Module code: BMSM034

Module Overview

The availability of large-scale public biomedical, health, and clinical data from a variety of open sources can be leveraged for advancements in research, innovation, and improvement of healthcare. For example, the power of Artificial Intelligence lies in Big Data to a great extent, and this is very much the case in the health and biomedical domains. While there is a significant growth in available large-scale patient-level, and molecular data, as well as other social and environment information, these resources are rarely integrated and thoroughly mined to maximize gained knowledge. Developing the skillsets that can bring together data from disparate sources will serve our students in becoming future leading data scientists and informaticians, by enabling integrative, large-scale analyses that can produce novel insights and high impact outputs.

 

This introductory module will provide students with an overview of the key concepts related to Big Data, what it is, how it’s generated in biomedicine, how it’s stored, how to handle it, how to link it, the issues that come with analysing big data, and the benefits that Big Data may bring to research, discovery and innovation in health and biomedicine.
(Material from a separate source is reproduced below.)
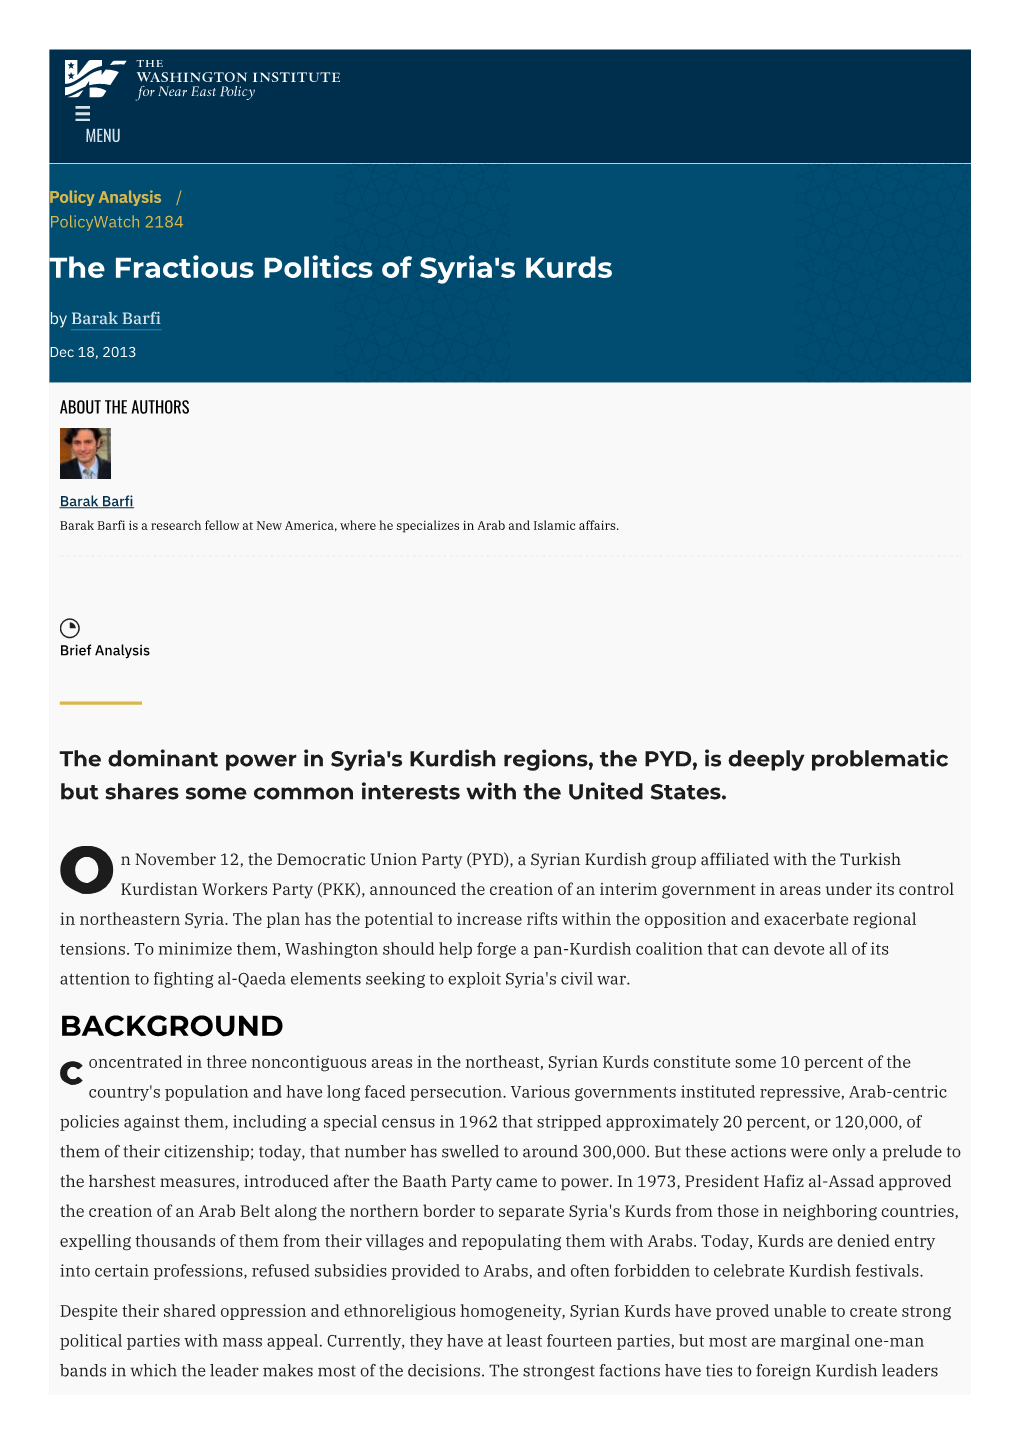 The Fractious Politics of Syria's Kurds | the Washington Institute

The module will further introduce students to a range of open Big Data resources in the field; including how to access these, and the potential uses for these datasets.

 

Primarily, the module will focus on an introduction to the UK Biobank as one such Big Data resource. This will provide the background, knowledge and understanding that will feed into all other modules in the MSc course.

 

One of the most extensive resources in health, wellness, and lifestyle is the UK Biobank. UK Biobank recruited 503,000 volunteers aged 40-69 in the years 2006-10. These volunteers completed (and continue to complete further) detailed questionnaires on their health and lifestyle (e.g. food preferences). At the same time, physical measurement data were collected and a number of biological samples were obtained (e.g. plasma, urine, saliva). All of the participants have been genotyped and they will all have whole-genome sequencing available in 2023. Extensive biochemical analysis of blood and other samples will be an ongoing process over the coming years. A further development is the acquisition of multi-modal imaging involving brain, cardiac and body magnetic resonance imaging (MRI), dual-energy x-ray absorptiometry (DXA)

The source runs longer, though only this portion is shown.